Шли мы медленно, часто и подолгу отдыхали — больные ноги Махмуда давали себя знать, хоть он и говорил, что ему легче, когда он ходит, да и спит после ходьбы лучше. Мне было все равно, молодостью и здоровьем я не обделен, ходить привык, недаром день-деньской обивал пороги в поисках несуществующего места — куда приятнее устать просто от прогулки, а не от хождения по мукам в городе; может, хоть ненадолго забуду про свои беды.
Останавливались мы возле родников, под тенистыми деревьями да и в любом другом месте, чуть только у Махмуда начинали сдавать ноги.
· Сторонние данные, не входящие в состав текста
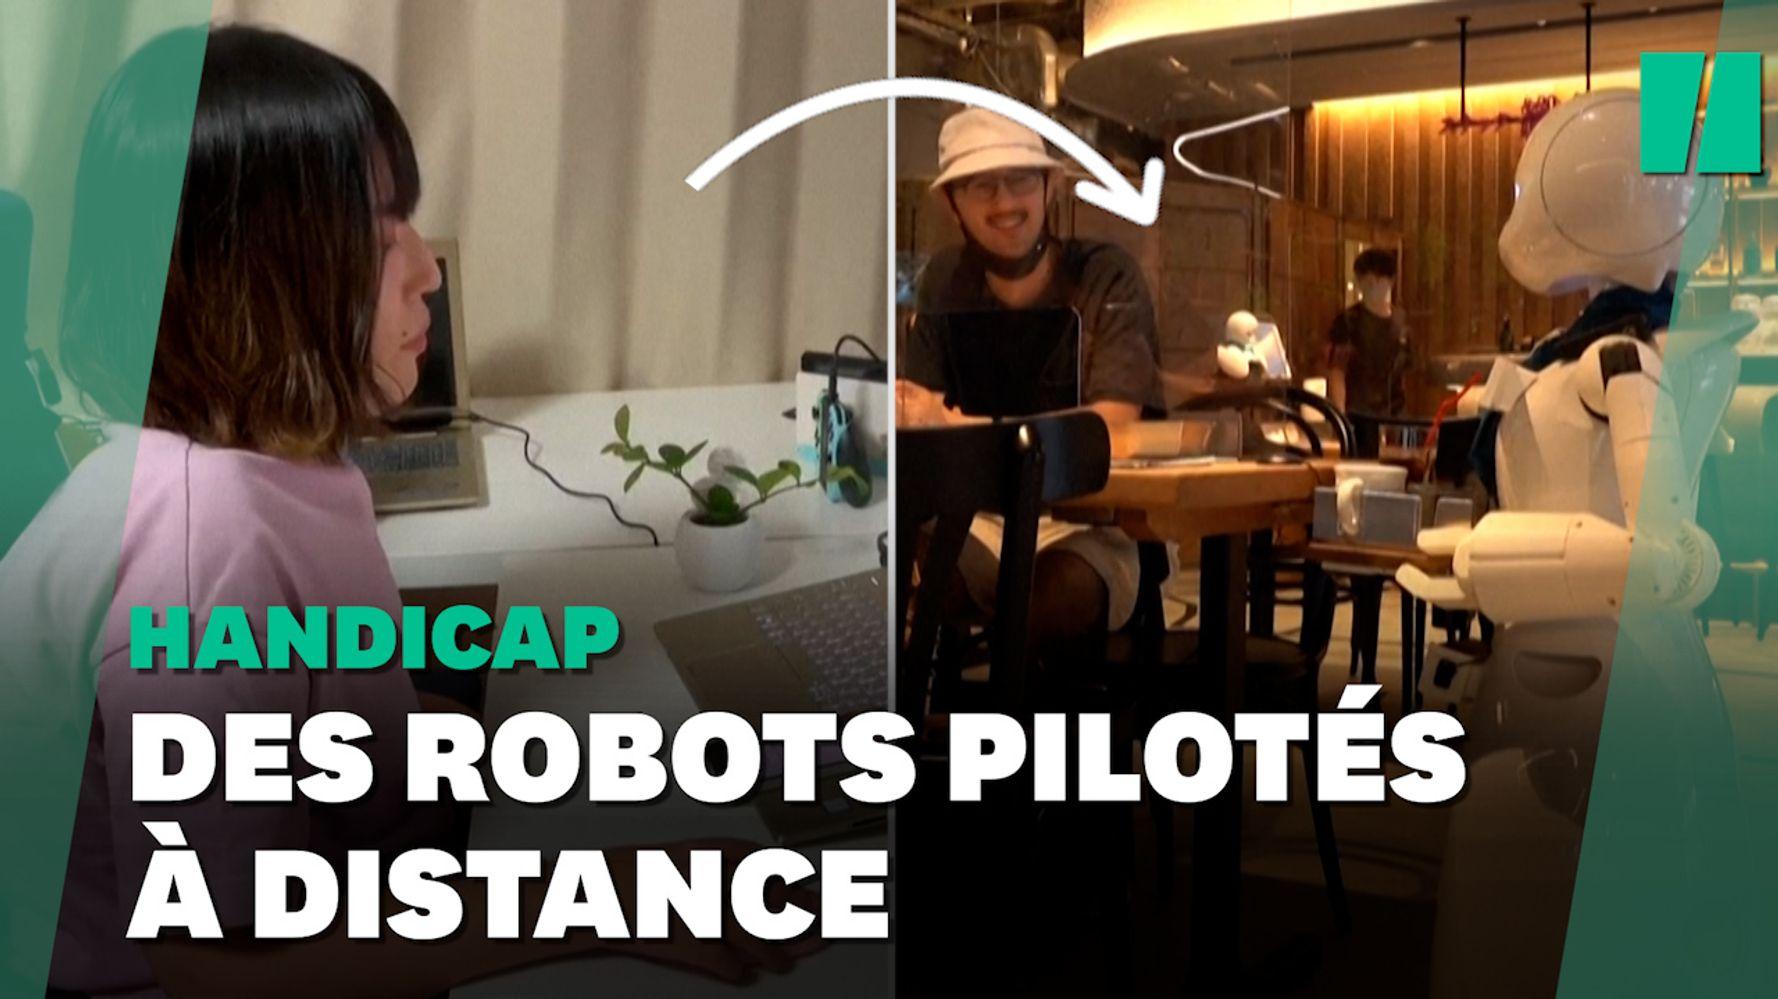 Ce café de Tokyo permet à ses employés handicapés de télétravailler grâce à des robots

Но если ноги и изменяли ему, то язык — никогда. Говорил он не умолкая, продолжая начатое, стоило нам опуститься на землю и перевести дух, говорил обо всем на свете: о людях, с которыми ему довелось встретиться, о Тияне, обо мне, о своей жене, говорил, вознаграждая себя за многолетнее молчание на чужбине и здесь, пока он был один как перст и пока вот не нашел приятеля и слушателя.
Рассказы его небезынтересны — многое ему пришлось пережить, и слова у него весомые, что дается только опытом и страданиями, но все его истории состоят из каких-то не связанных между собой, перепутанных обрывков, каждый из которых имеет собственное течение и собственный исток. Из своей памяти он извлекает не цепь воспоминаний, а лишь отдельные их звенья, осколки безнадежно разрушенной мозаики, которую он и не пытается составить заново. Не доискивается он и до смысла происходящего, не старается докопаться до истины, свести концы с концами, ему достаточно голого факта — разве что-либо еще имеет значение?